MacLean could see that the rain had started again as he waited for his call to be transferred to the relevant ward.

‘Are you a relative?’ asked the nurse.

‘Mrs Nielsen’s brother.’

‘Her brother?’

‘Victor Nielsen. I’ve just arrived back from the United States.’ MacLean remembered that Carrie had spoken of an uncle Victor and Tansy had added that he worked in the USA.

‘Mrs Nielsen is improving,’ said the sister. ‘She has no serious injuries and she will probably be released in a day or so.’

‘And her daughter?’ asked MacLean, feeling sweat break out on his brow.

‘Carol’s condition is serious but stable. She’s been transferred to a burns unit at another hospital.’

‘Has my sister been told?’ asked MacLean.

‘Not yet,’ replied the nurse.

‘Can I see her?’

The nurse hesitated and said, ‘I really don’t thing that’s a good idea at the moment. Mrs Nielsen is heavily sedated. Might be as well to give it a day or two.’

‘I’d like to leave my phone number for her if she improves before then.
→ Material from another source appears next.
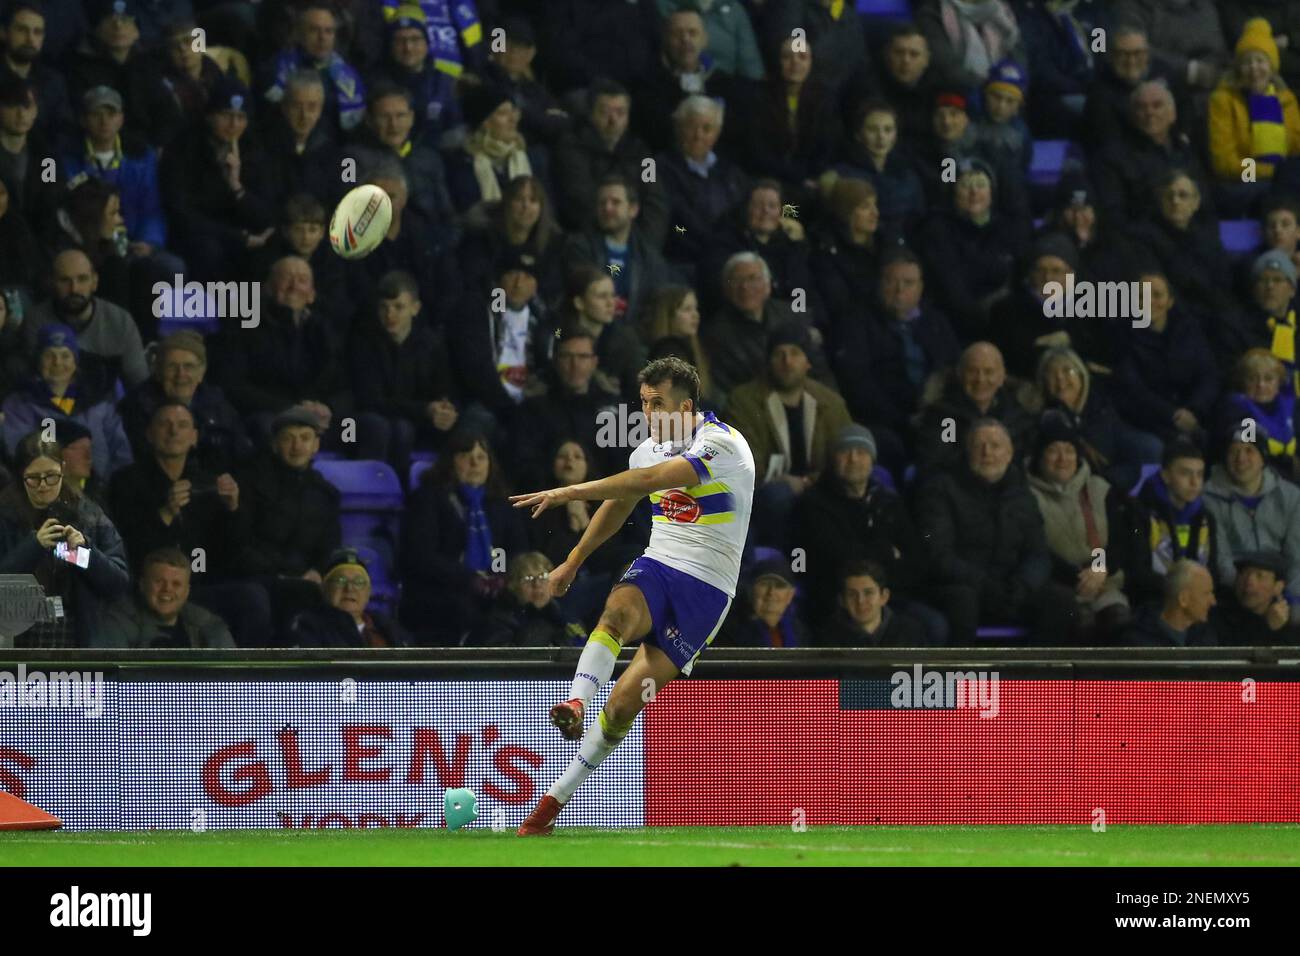 Stefan Ratchford #4 of Warrington Wolves kicks a penalty and misses during the Betfred Super League Round 1 match Warrington Wolves vs Leeds Rhinos at Halliwell Jones Stadium, Warrington, United Kingdom, 16th February 2023  (Photo by Gareth Evans/News Images) Stock Photo

Is that all right?’

‘Of course. When she’s well enough I’ll tell her you called.’

MacLean put down the phone. At least Carrie was alive.

On Thursday evening MacLean was lying along his bed, fully clothed and with a glass of whisky in his hand. He had read nearly every word in the evening paper and was now reduced to reading the business section. He was looking at the share prices of pharmaceutical companies when the phone rang.

‘Victor?’ said Tansy’s voice uncertainly.

MacLean felt his throat tighten. The pause seemed to go on and on before he could summon the courage to say, ‘Tansy, it’s not Victor. It’s me… Sean.’

‘Sean!’ exclaimed Tansy with a sob in her voice. ‘They told me you were dead! The papers…’ A torrent of disjointed words flowed from her. ‘They told me but I knew… I knew from the dreams… You pulled Carrie from the flames… I saw you… You weren’t in the house. Oh Sean!’ She broke into more sobbing.

MacLean did his best to soothe her until she began to calm down.

‘But if you didn’t die in the fire. Who did?’ said Tansy.

‘Lehman Steiner’s man. They found me, Tansy. They sent a man to fire bomb the house. It was his body they found.’